The pulling-cached-objects-out-and-serving-them job will be done by a
piece of code called mod_cache. It's job is to decide if it's
appropriate to serve cached data (Pragma: no-cache stopping me
perhaps?), then to determine if there is cached data (no there isn't,
I'll get over it) and last of all to ship the data to the client if all
is well.
I get your point about the hashing function, so the underlying "common
code" will be a general hash table accesible to all of Apache-land
either via APR or via the Apache core, whichever. Putting stuff into the
cache will be a function of those areas of the code that have been
modified to support it. To start with simple bits like the serving of
static content only, with more complex bits down the line. Finally the
last third of the job will be handling by mod_cache as described above.
mod_cache would be only 33% of the solution, not 100%.
Regards,
Graham
--
-----------------------------------------
minfrin@sharp.fm "There's a moon
over Bourbon Street
tonight...
Re: proxy caching is important
Posted by Ryan Bloom <rb...@raleigh.ibm.com>.

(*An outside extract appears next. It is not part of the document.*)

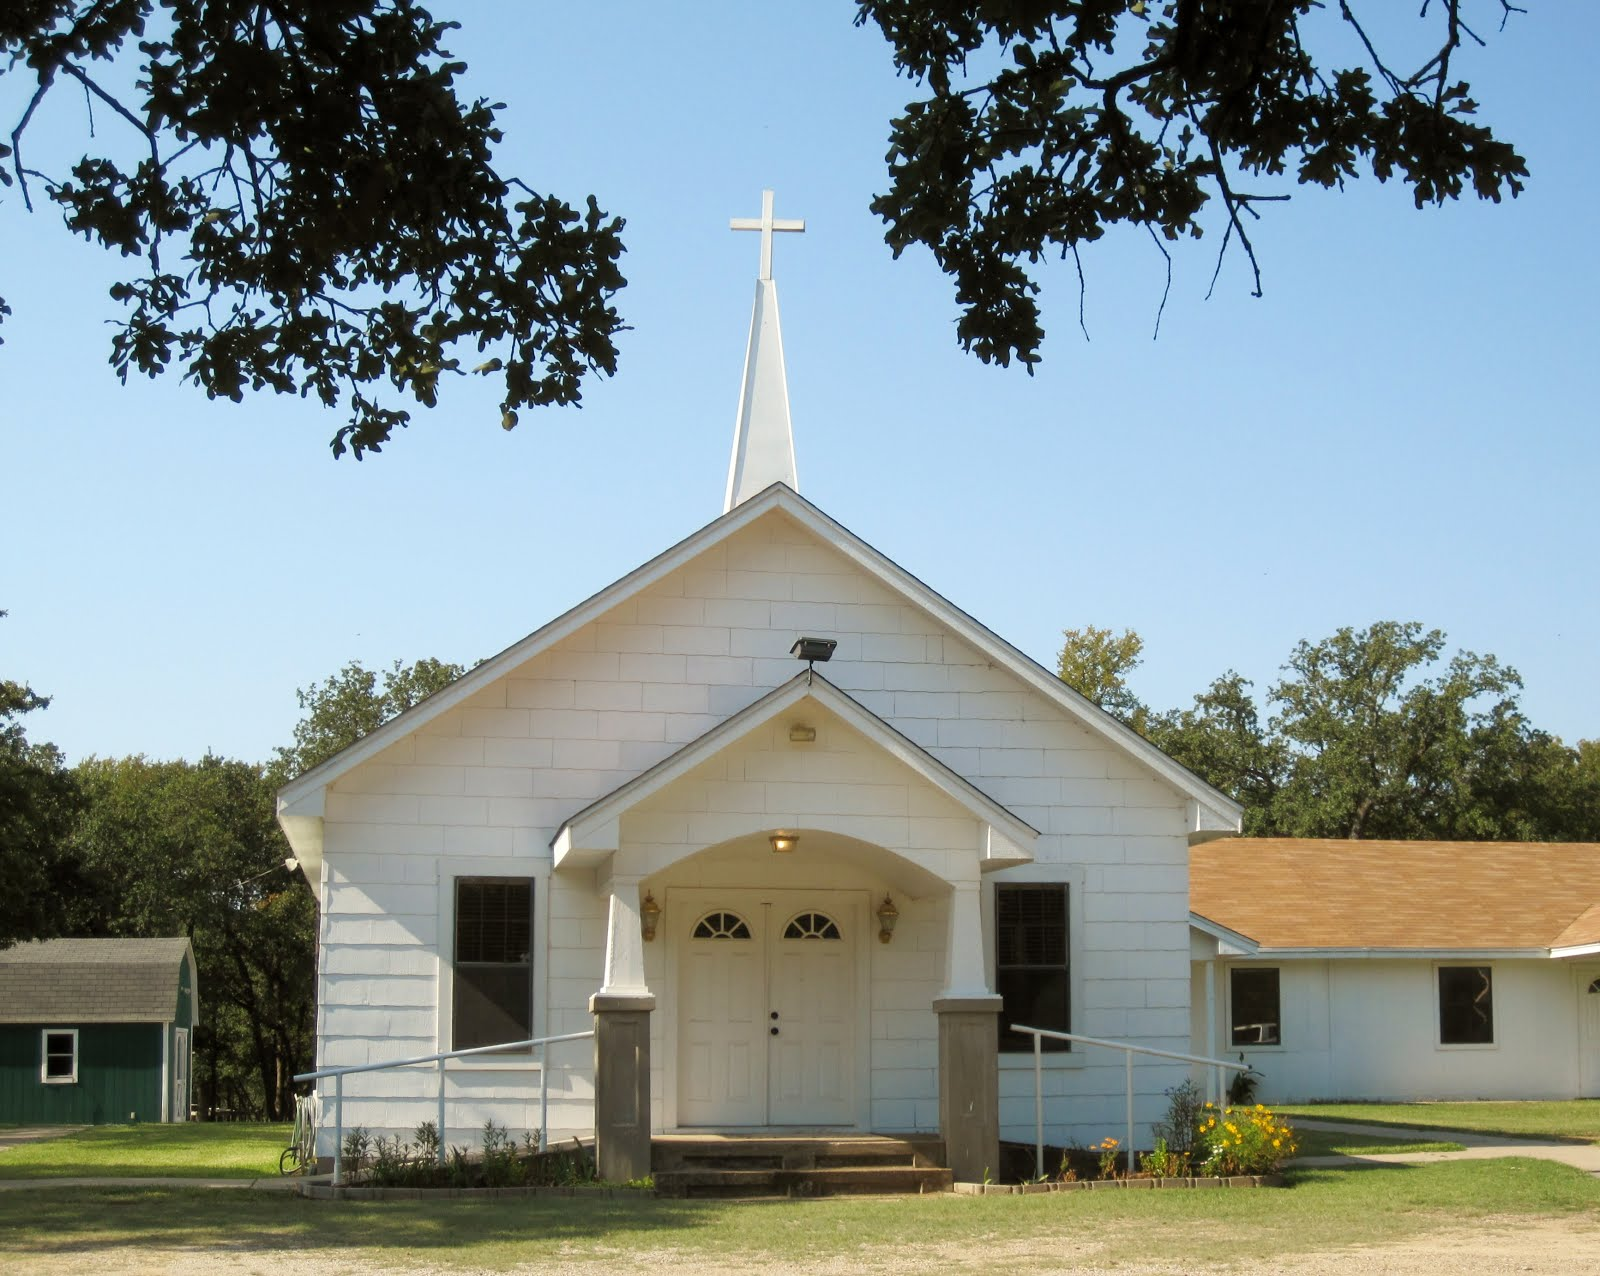 WAPLES UNITED METHODIST CHURCH
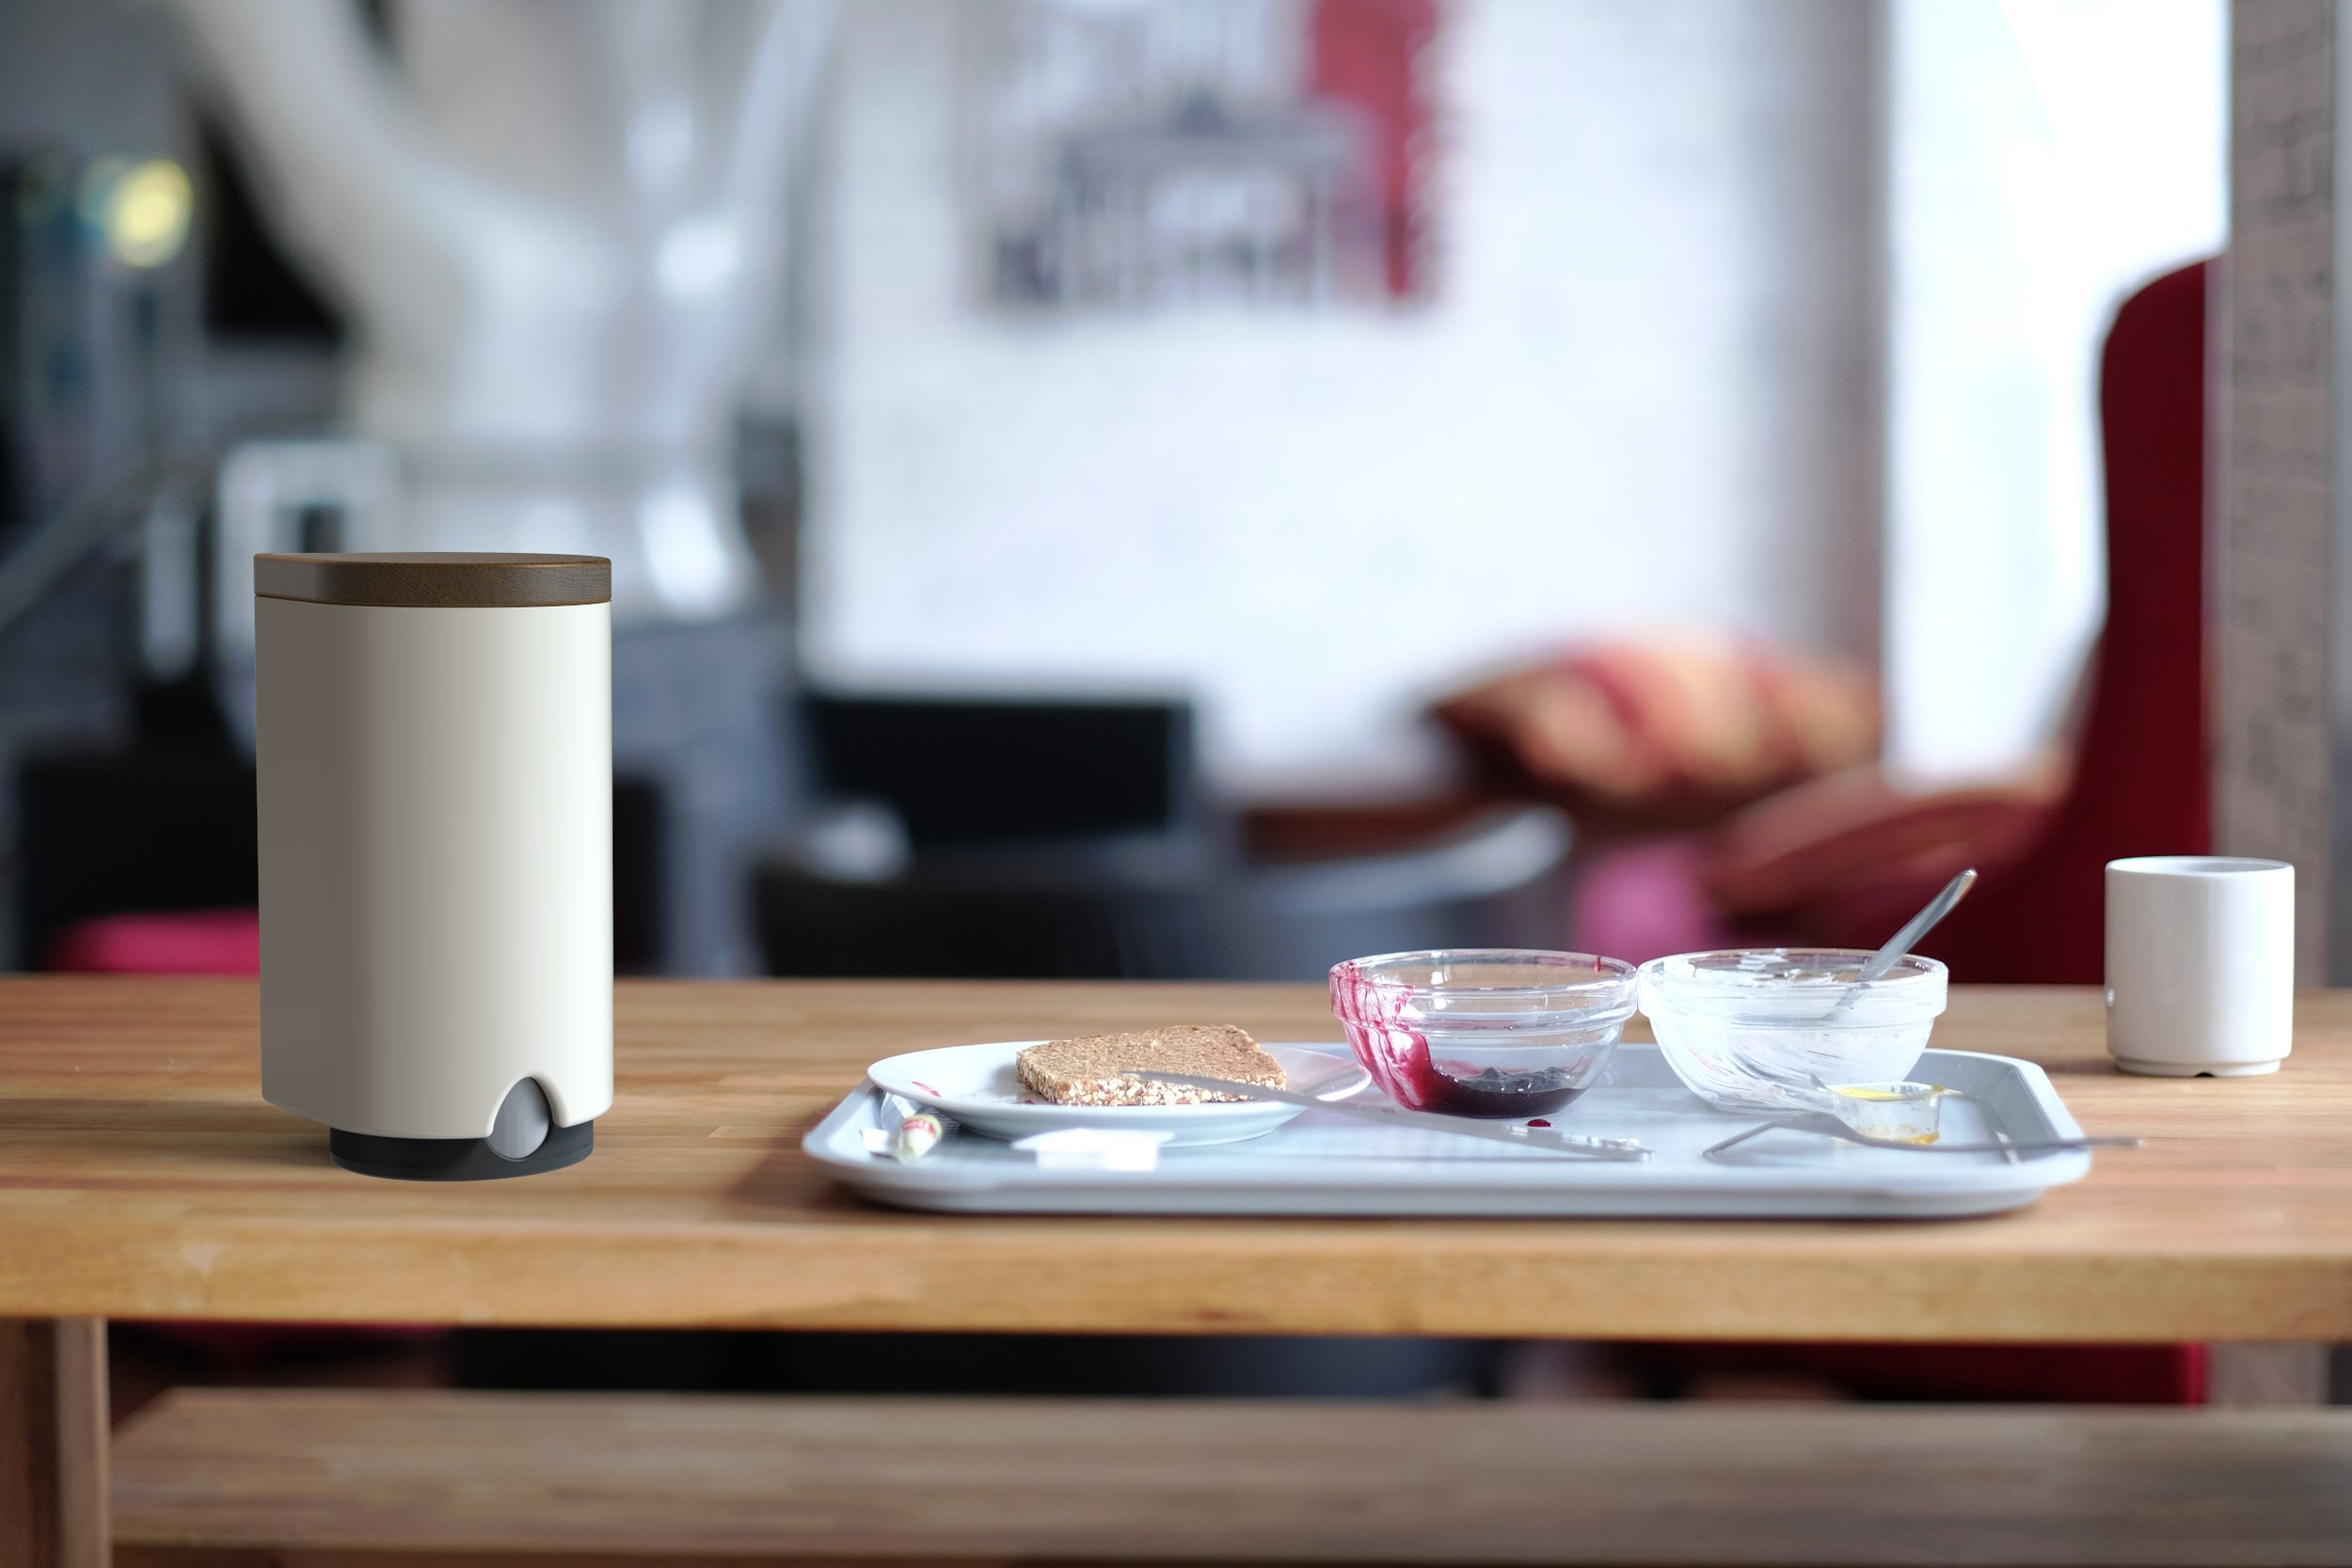 Render Coffee Canister chemx.207.jpg

Okay, I gave my APR opinion, now for my Apache opinion. (I love changing
hats :-)
> Throughout the other modules, content that is shipped to the browser is
> either given to the cache API via ap_cache_in() (if it's static and
> should be cached), or deleted from the cache via ap_cache_del() (if it's
> dynamic and shouldn't be cached, like CGIs).
>
> The mod_cache module would then be responsible for deciding whether it
> should deliver the content from the cache using ap_cache_out().
>
> The problem of checking the whether cached data has changed on disk can
> be handled the same way a normal forward proxy handles it - using data
> aging and shift-reload in the browser to force a cache refresh.
>
> Is this a good way to do this? What do people think?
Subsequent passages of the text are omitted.